Diffie–Hellman shared secret key (DH-SSK): Let the users Alice and Bob have the key pairs \((pk_{A} = aP, sk_{a} = a), (pk_{B} = bP, sk_{B} = b)\), respectively, where \(P \in \mathbb {G}_1\) is a generator of the cyclic group \(\mathbb {G}_1\) with the order q and \(a, b \in \mathbb {Z}_q^{*}\). Alice and Bob have a shared secret key \(K = abP = sk_{A}pk_{B} = sk_{B}pk_{A}\), which is derived from the key agreement protocol (Diffie and Hellman 1976) proposed by Diffie and Hellman.

3.5 Attacks

For the SPE schemes based on the traditional PEKS framework, most of them are vulnerable to the insider KGA and the FIA.

Insider keyword guessing attack (Insider KGA). Suppose the cloud server provider (CSP) is an honest but curious adversary. We assume that the keyword space has a polynomial size. When receiving a trapdoor \(T_{w_i}\) from the data user (DU), the CSP tries to recover the keyword \(w_i\) corresponding to \(T_{w_i}\).

The adversary first encrypts a possible keyword \(w_i^{*}\) to generate a ciphertext \(C_{w_i^{*}}\).

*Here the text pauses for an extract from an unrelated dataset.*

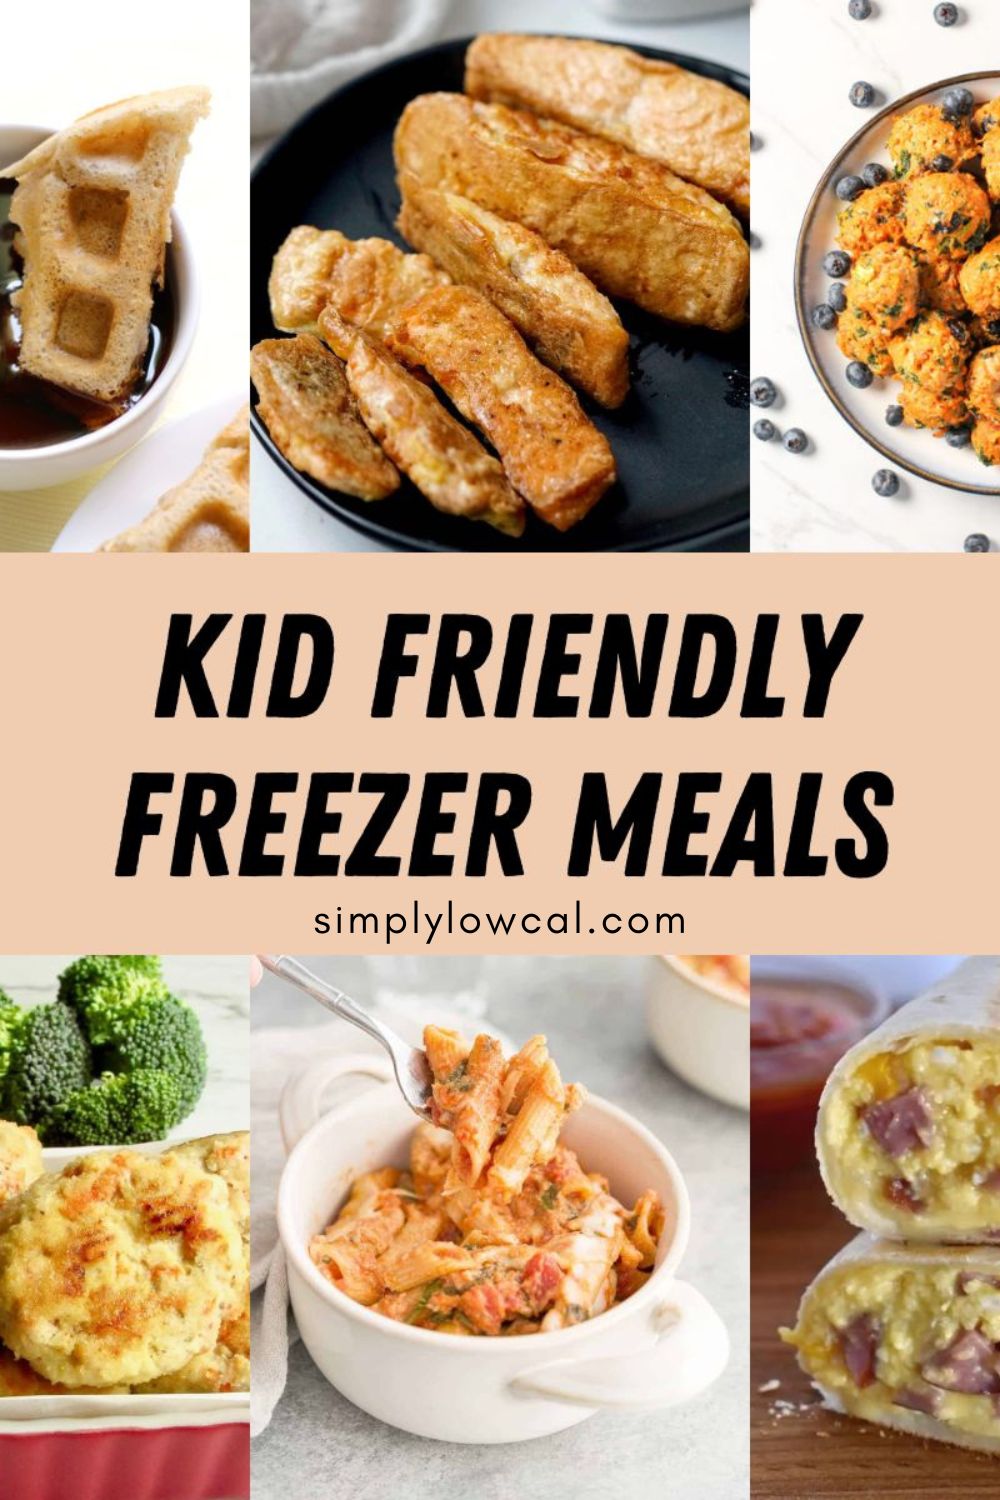 Kid Friendly Freezer Meals - Simply Low Cal

Then, it runs the test algorithm of the existing schemes based on the traditional framework of PEKS (i.e., Boneh et al. 2004; Rhee et al. 2010; Huang and Li 2017), and the inputs of algorithm are \(C_{w_i^{*}}\) and \(T_{w_i}\). If the test algorithm returns 1, this result illustrates that the adversary’s guess is correct. Otherwise, the adversary continues to repeat the process until it finds the correct result.

File-injection attack (FIA) (Zhang et al. 2016). The attack consists of two phases, including the GenFile phase and the Guess phase. The GenFile phase is in charge of generating the files to be injected. The Guess phase is responsible for guessing the keyword \(w_i\) corresponding to the trapdoor \(T_{w_i}\). The attack works as follows:

GenFile phase :

  • Identifies the keyword space W with \(\{0, |W|-1\}\) written in binary.

  • Generates the injected file \(F_i\) that contains the keywords whose ith bit is 1, where \(i = 1, 2,\ldots ,\log |W|\).

Guess phase:

  • takes as input the trapdoor \(T_{w} \) which wishes to be guessed and runs the test algorithm of SPE schemes to obtain the returned files.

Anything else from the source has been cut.